Читать книгу Офицер по связям с реальностью - Варвара Рысъ - Страница 2
2.
ОглавлениеЗима, такая нескончаемо долгая, меж тем кончилась. Каток растаял, в Александровском саду зеленела трава, ожидалась защита диплома, экзамены, обступали хлопоты о работе.
По-прежнему встречались с Богданом, это стало привычкой. Он был внимателен, порой казалось, даже нежен, старался развлечь поинтереснее и накормить повкуснее – но и только. При этом, очевидно, старался: культурную программу продумывал, предлагал варианты на выбор, запоминал, что ей нравится.
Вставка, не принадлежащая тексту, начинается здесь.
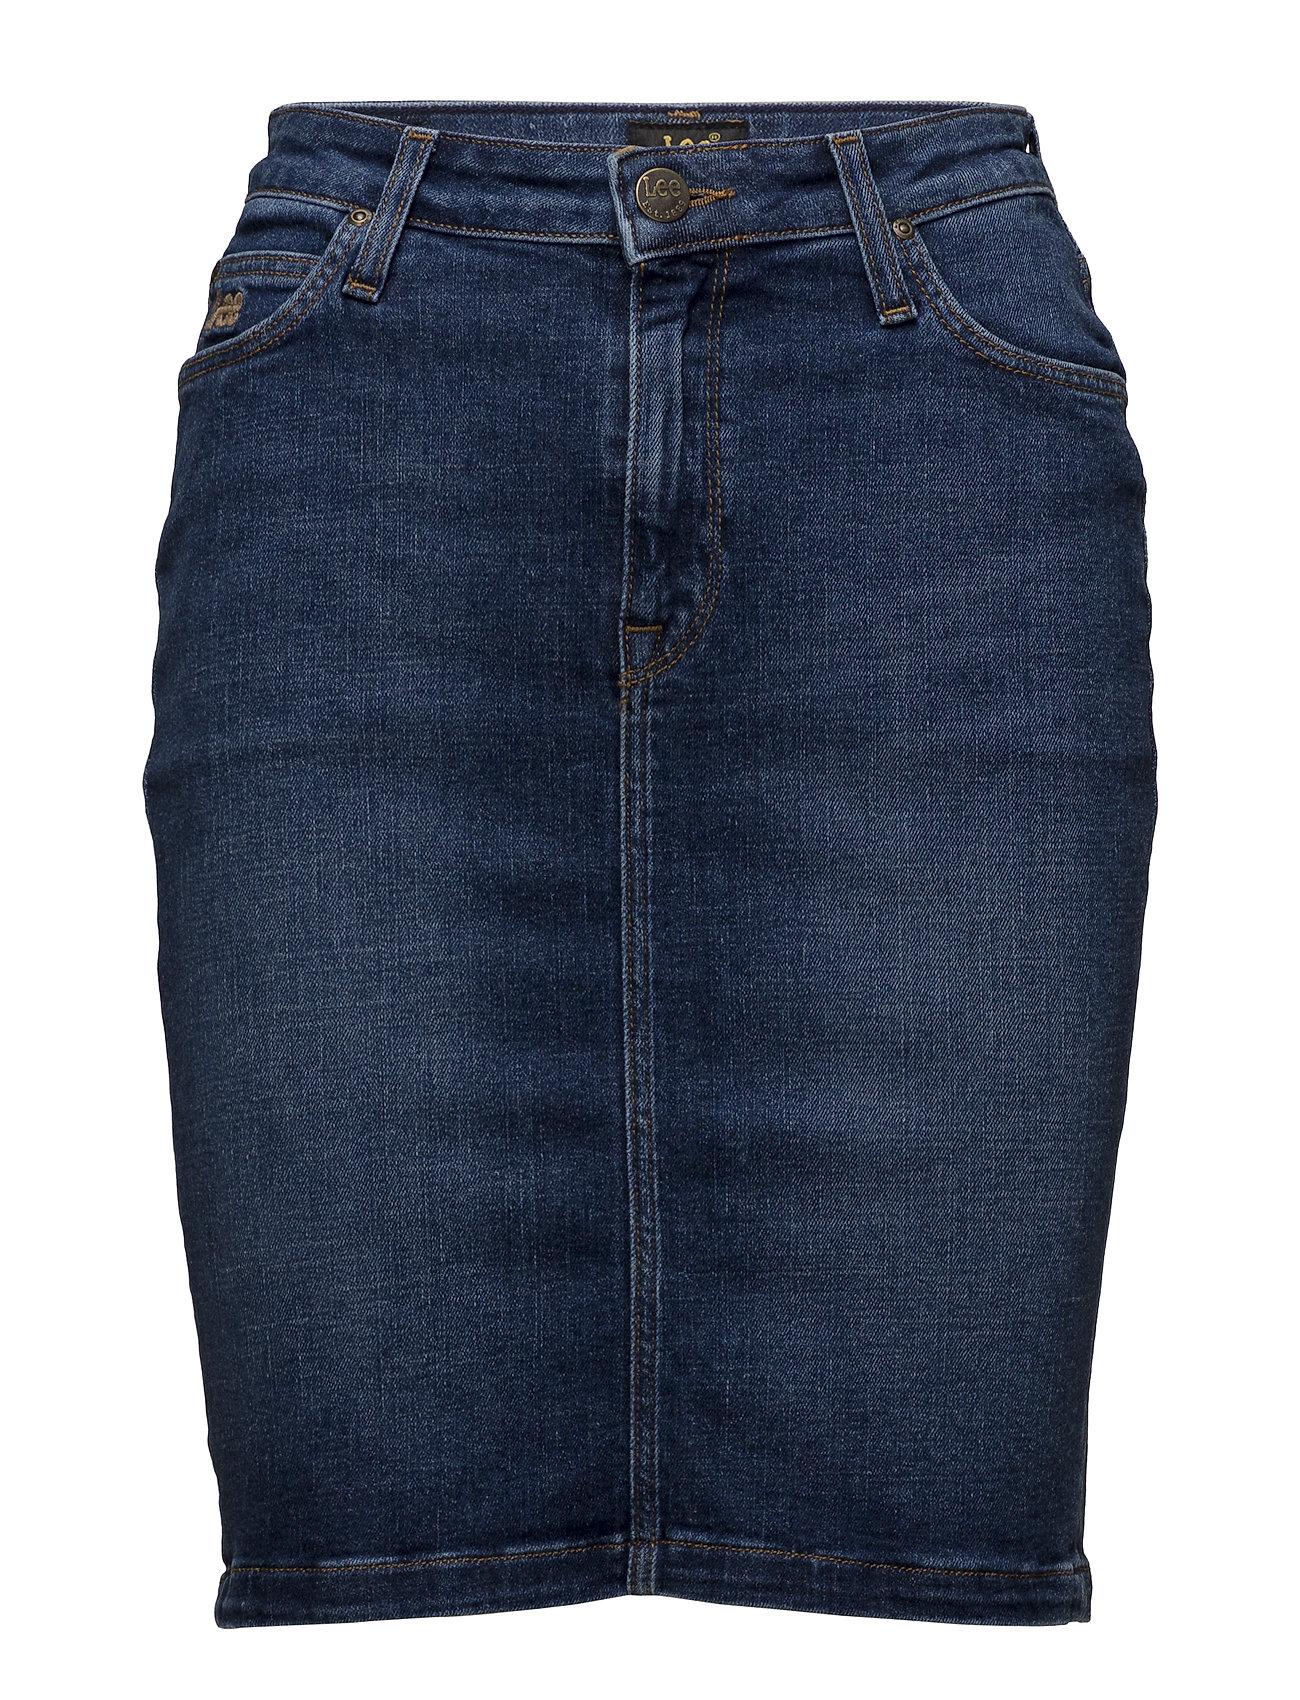 Lee Jeans HIGH WAIST SKIRT - TRUE BLUE

Говорить с ним было легко и интересно – и на том спасибо. С иными кавалерами, с теми же физиками, разговор напоминал игру в бадминтон с тётей Зиной, когда той являлась фантазия поиграть. Прасковье приходилось непрерывно поднимать волан откуда-то снизу и носиться по всему полю, чтобы он окончательно не упал. Вот так же получалось и с разговорами. Беседа с прошлыми Прасковьиными кавалерами-физиками, да и не только с ними, постоянно падала, и ей приходилось её поднимать от самой земли. С Богданом не так: разговор журчал, словно ручеёк по камушкам, и всякий раз, расставаясь, они обнаруживали, что о чём-то не договорили.
У Прасковьи день рождения первого мая – такое вот забавное совпадение. Когда Богдан узнал – тут же спросил: что подарить кроме цветов? Сказал, что не любит пустых и формальных подарков.
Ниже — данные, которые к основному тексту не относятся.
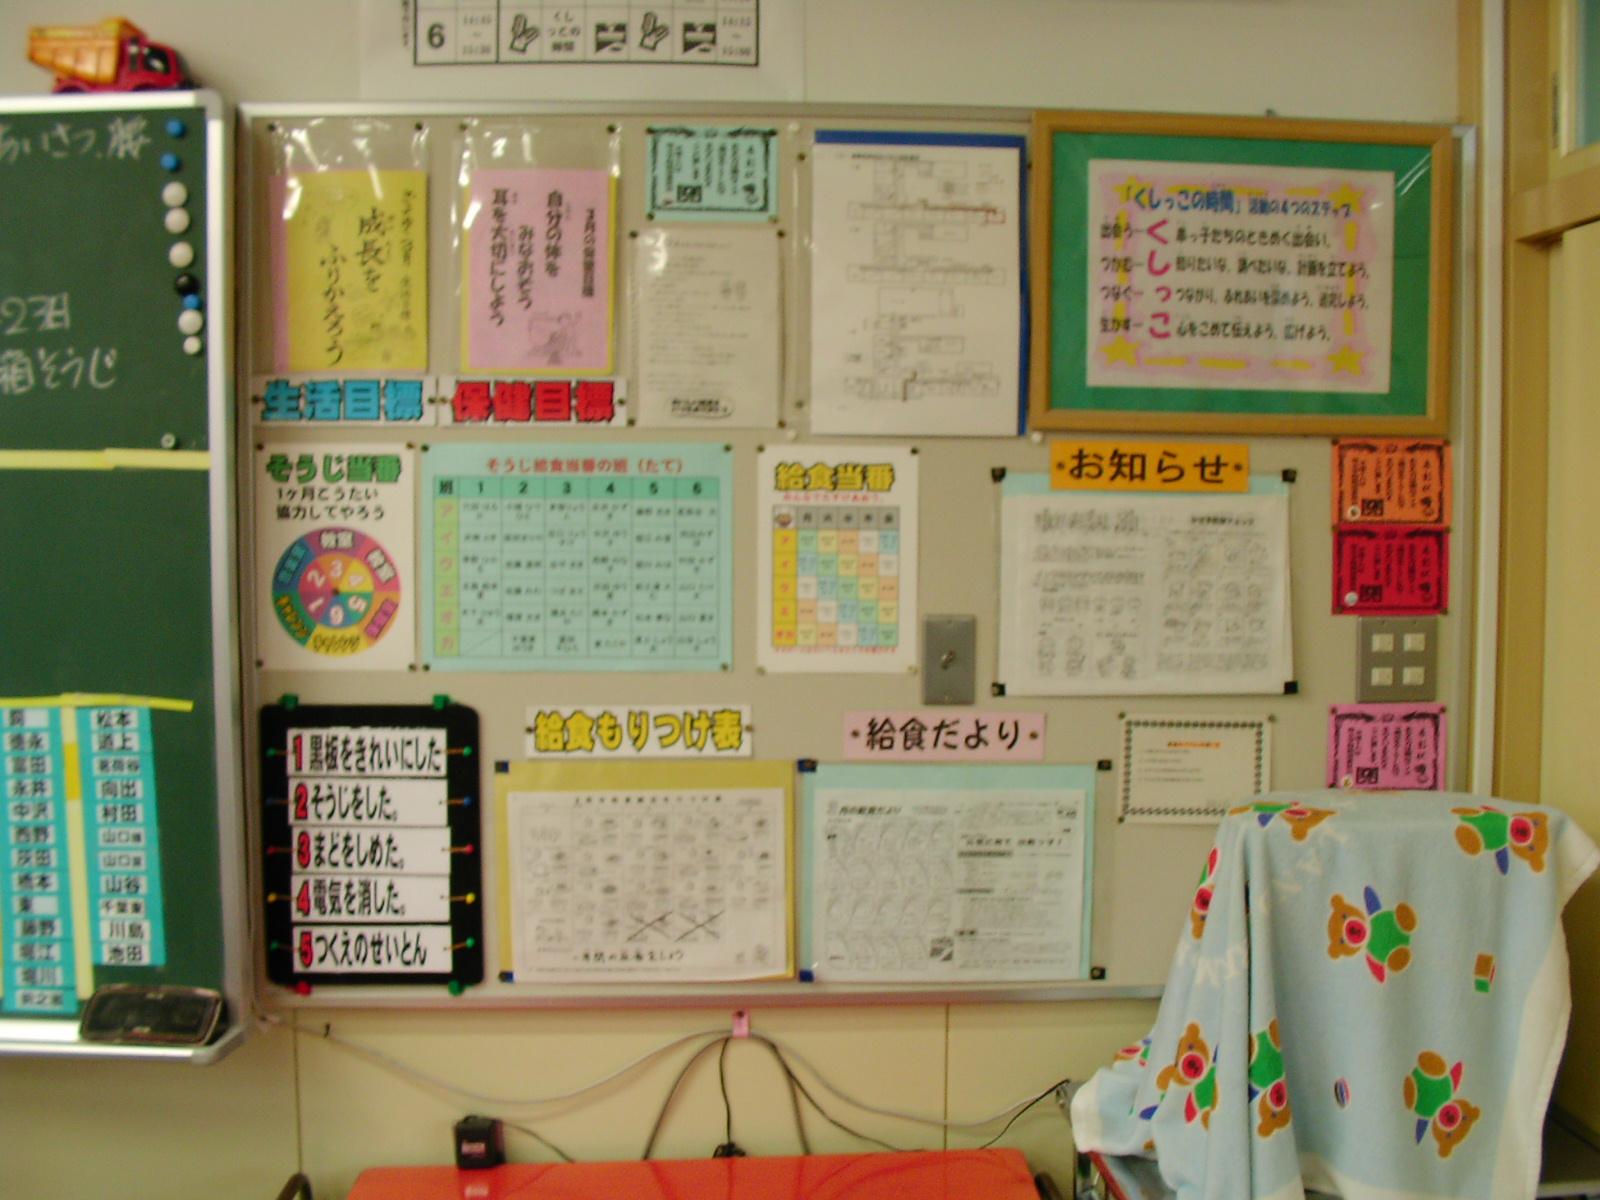 SANY0085.JPG: 教室の掲示物 ...
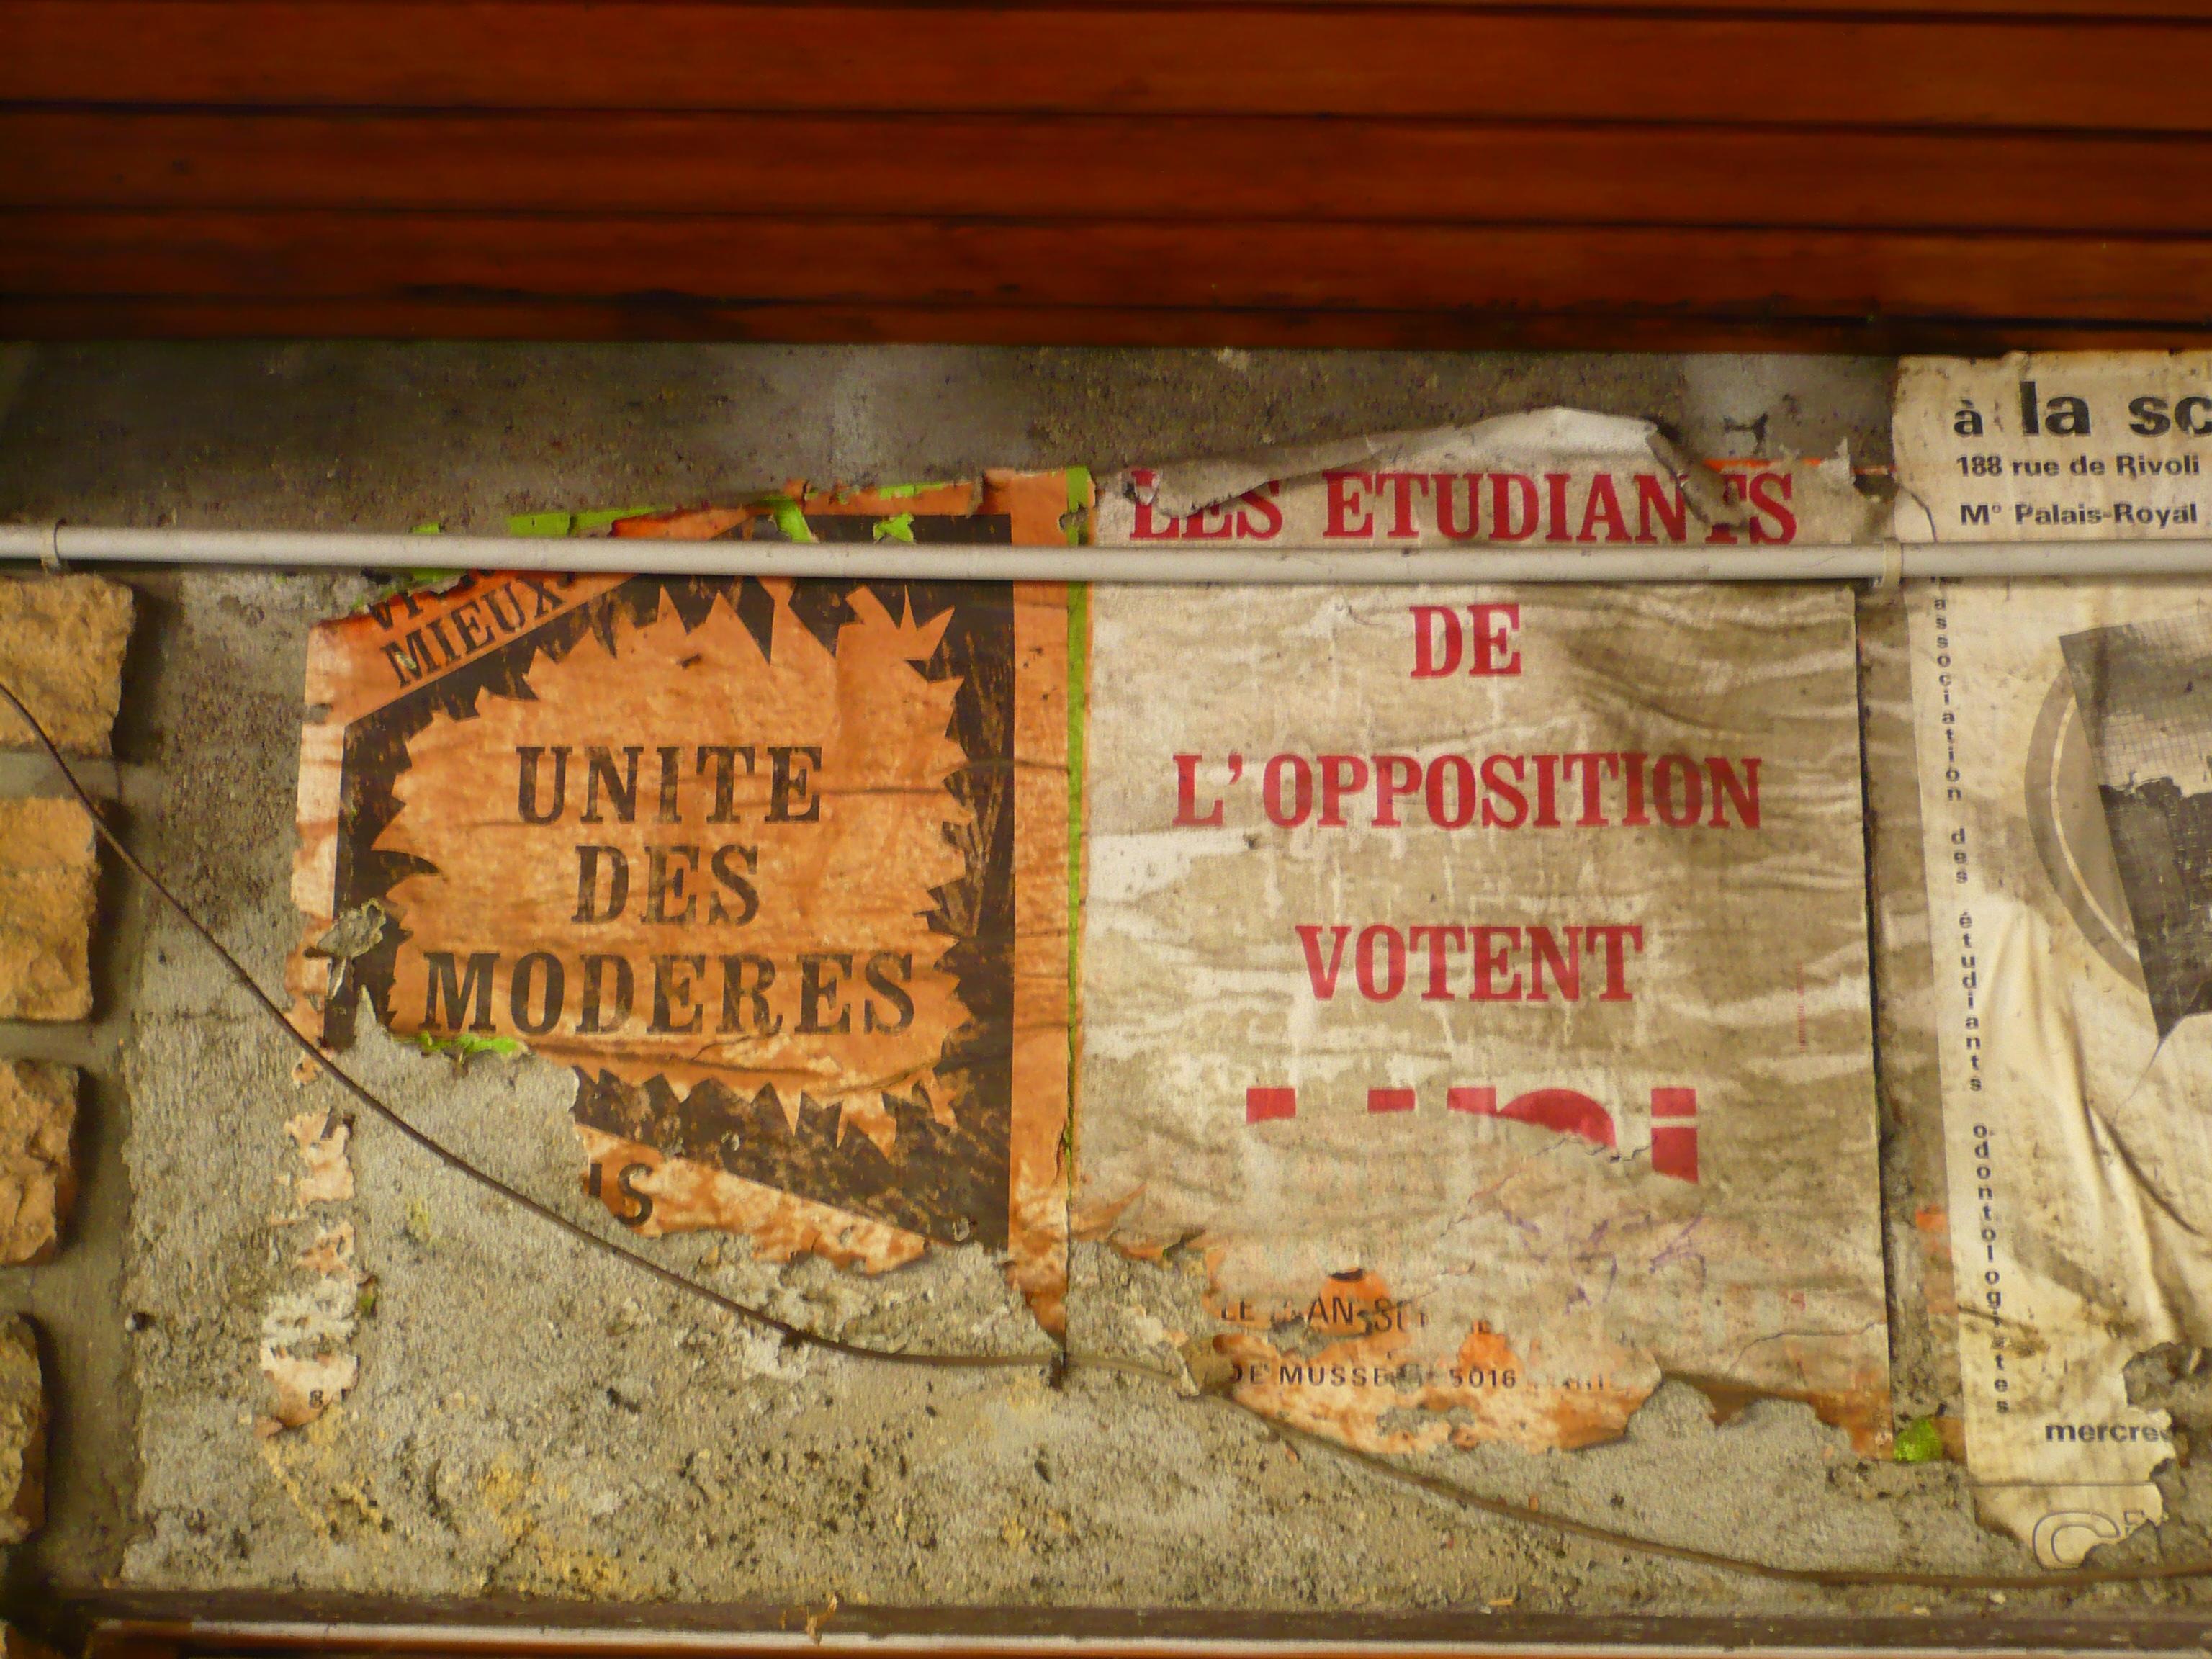 Unité des modérés

– Книга – лучший подарок, – не колеблясь, ответила Прасковья. – Я ведь дочка и внучка учительниц литературы.
– Тогда сделаем так: пойдём в «Библио-глобус», посмотрим книжки, и ты выберешь сама. А потом съедим стейк по соседству, в стейк-хаусе. Ты любишь стейки?
– Люблю, – соврала Прасковья, – хотя сроду их не ела. Разговоры о страшно дорогой мраморной говядине – слышала, вернее, читала в какой-то Рининой статье в «атмосферном» журнале, но есть – не ела.
– Отлично! Наши вкусы совпадают, – обрадовался Богдан. – Я стейки не только есть люблю – я и жарить умею. У меня есть специальный мясник, к которому я иногда езжу за мясом для стейков. Следующий раз поджарю тебе стейк, и ты сравнишь.
«Потрясающе, – изумилась Прасковья, – Вронский тоже ел стейки. Назывались они только по-другому: «бифстек», кажется». Из памяти выплыло: «В день красносельских скачек Вронский раньше обыкновенного пришел съесть бифстек в общую залу артели полка». А вот ещё: «Вронский ел свой бифстек, когда она вышла в столовую. – Ты не поверишь, как мне опостылели эти комнаты, – сказала она, садясь подле него к своему кофею. – Ничего нет ужаснее этих chambres garnies…». М-да, были у людей проблемы… Ей бы, Прасковье хоть бы самую плохонькую chambre garni1, хоть в Выхине, хоть в Капотне.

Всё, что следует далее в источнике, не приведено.